While the letter again condemned the racist remarks, it noted that Latinos are 40% of the state’s population and 50% of Los Angeles County residents, yet they hold only 27% of City Council seats and 20% of county supervisor seats.
“The City of Los Angeles is overdue for institutional reform, especially reform that depoliticizes the redistricting process,” they said.
At the same time, the group stressed the need to build on the city’s history of coalition-building among its diverse population.
“While zero-sum competition is inevitable for a fixed number of seats, zero-sum politics are NOT,” they said. “Latinos should hold their elected officials — and indeed all elected officials — to a standard of representation that raises up and improves the lives of all constituents.”
The city has been reeling from the leak of a conversation among former Council President Nury Martinez, council members Kevin De León and Gil Cedillo and Los Angeles County Federation of Labor President Ron Herrera.
Martinez had called her colleague Mike Bonin’s then-2-year-old son, who is Black, a “changuito,” which is Spanish for “monkey.” She also referred to Indigenous Mexican Americans from the Oaxaca region as “short, dark people.”
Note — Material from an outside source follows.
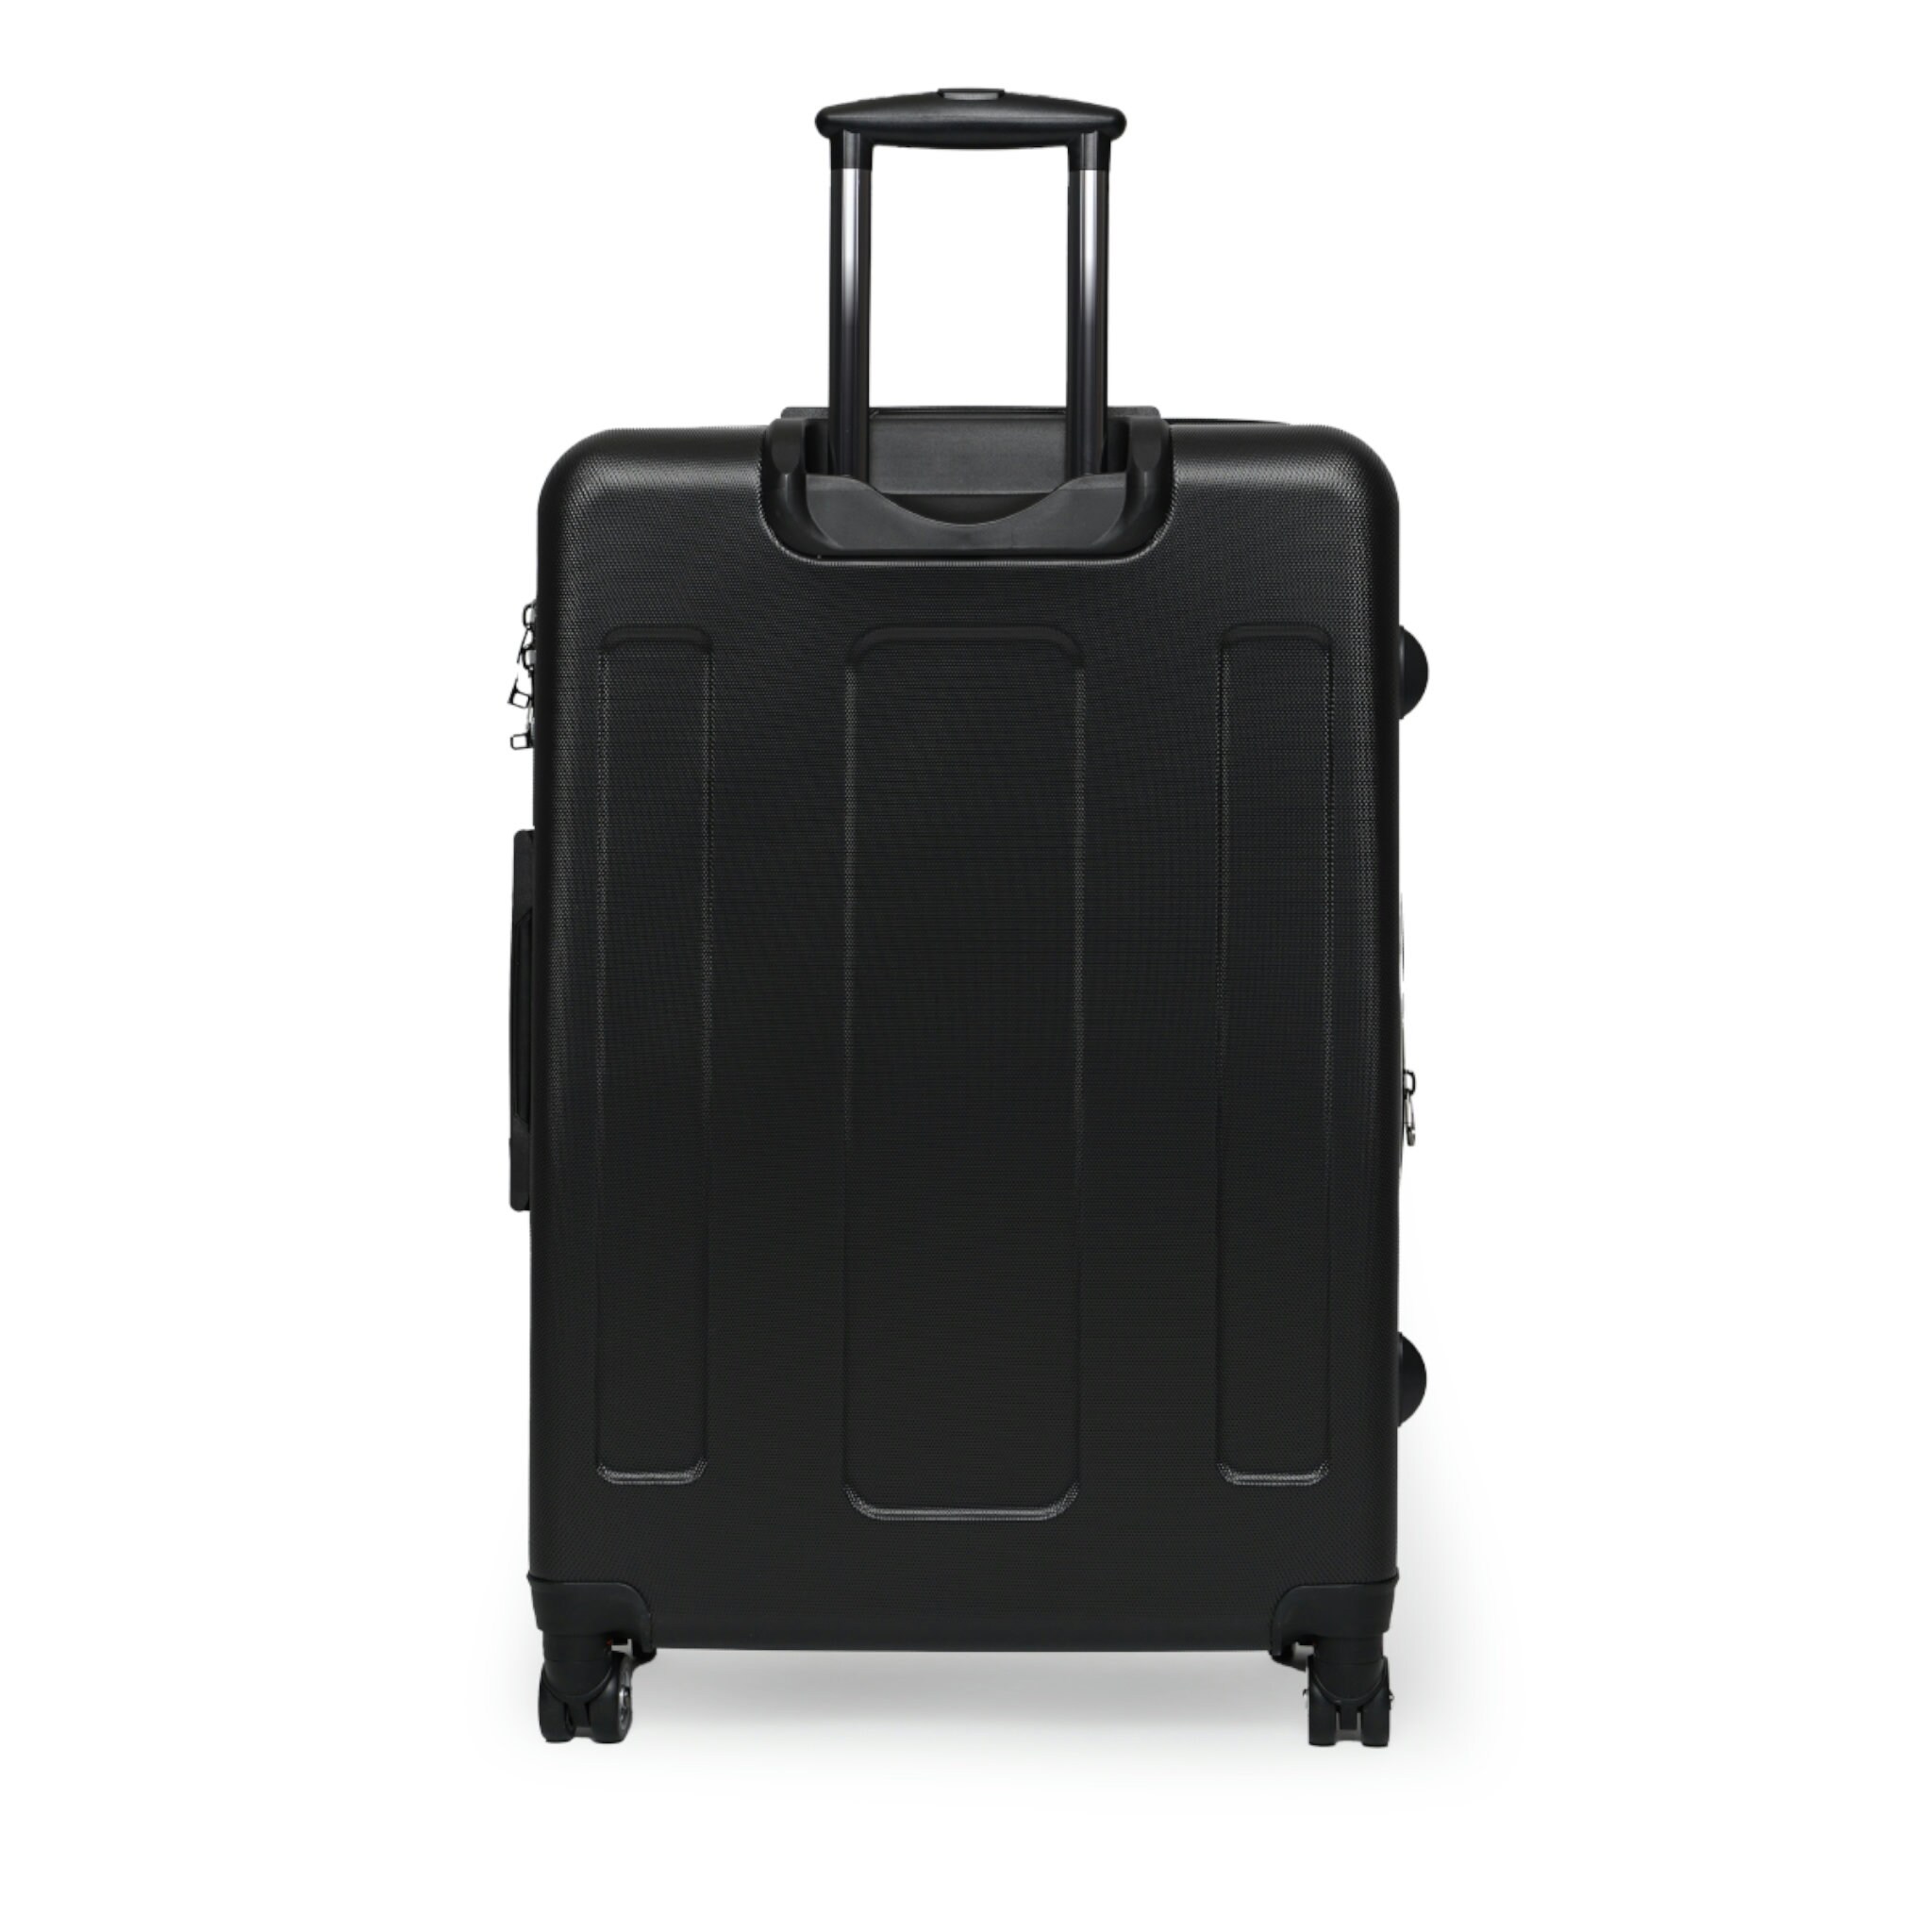 Atomic Cat Cabin Suitcase, Mid Century Modern Teal Blue, Mustard Yellow, Cream MCM Starburst Carry-On Roller Travel Luggage Set
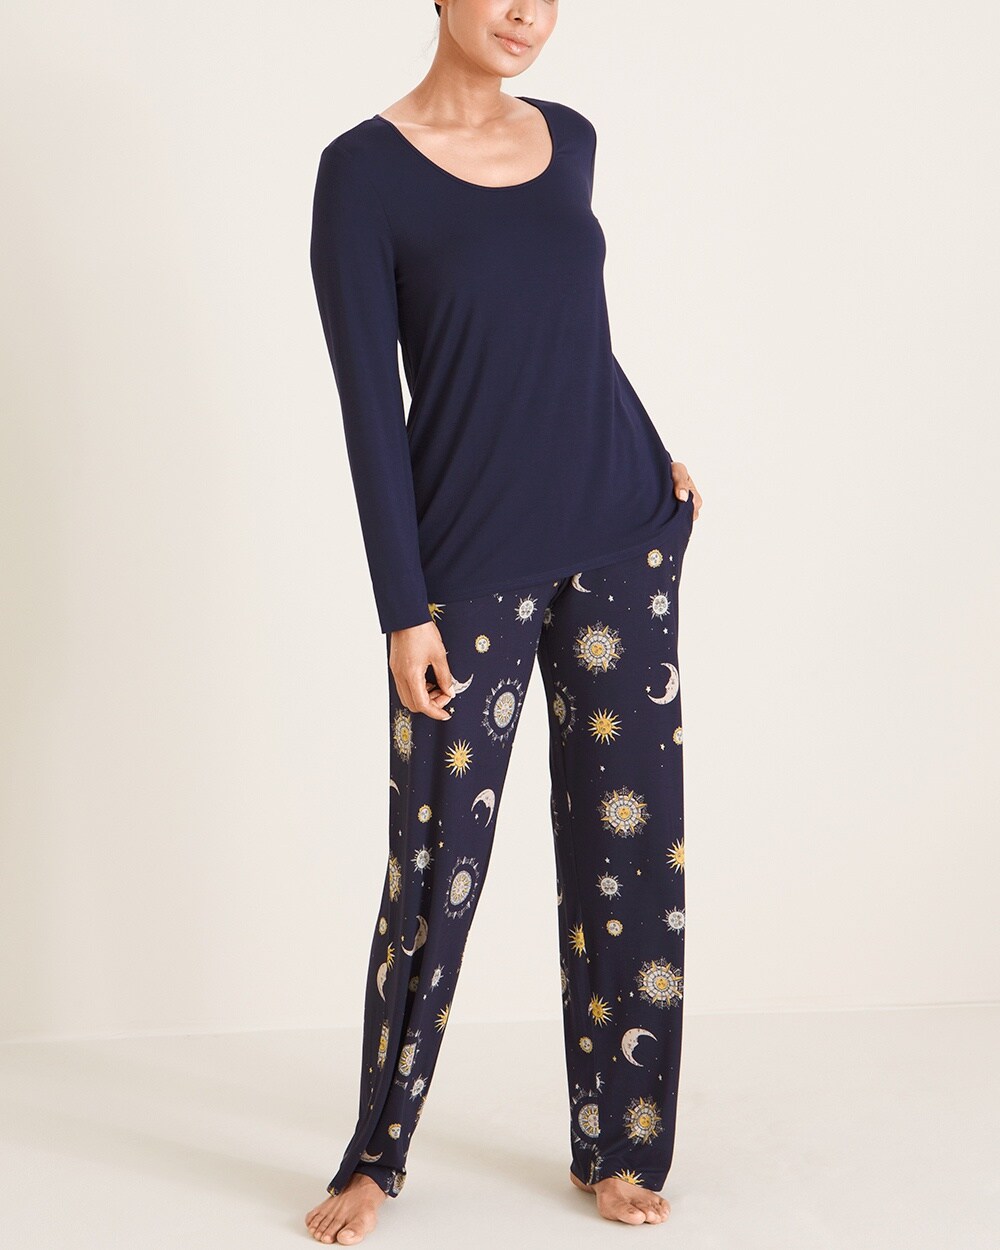 Soma for Chico's Cool Nights Zodiac-Print Pajama Set

Martinez, the council’s first Latina president, and Herrera have resigned from their positions. Cedillo and De León have not. De León defended his stance in several TV interviews with Univision, KCBS and Telemundo affiliate KVEA, among others.
The City Council is up for election on Nov. 8. A special election will be held if De León resigns, as his term ends in two years. If Cedillo resigns now, he would be replaced by Eunisses Hernandez, who defeated him in the June primary and is set to take over his seat in December.
In the letter, the group requested the opportunity to meet with City Council leaders.
The letter was signed by Fernando Guerra, the director of the Thomas and Dorothy Leavey Center for the Study of Los Angeles at Loyola Marymount University; Antonia Hernández, the president and CEO of the California Community Foundation; Manuel Pastor, the director of the Equity Research Institute at the University of Southern California; Gary Segura, the dean of the Luskin School of Public Affairs at UCLA; Angélica Salas, the executive director of the Coalition for Humane Immigrant Rights; Mónica Lozano, the president and CEO of the College Futures Foundation; Arturo Vargas, the executive director of the National Association of Latino Elected and Appointed Officials; Miguel Santana, the president of the Weingart Foundation; and Fabian Núñez, a lobbyist and former California Assembly speaker.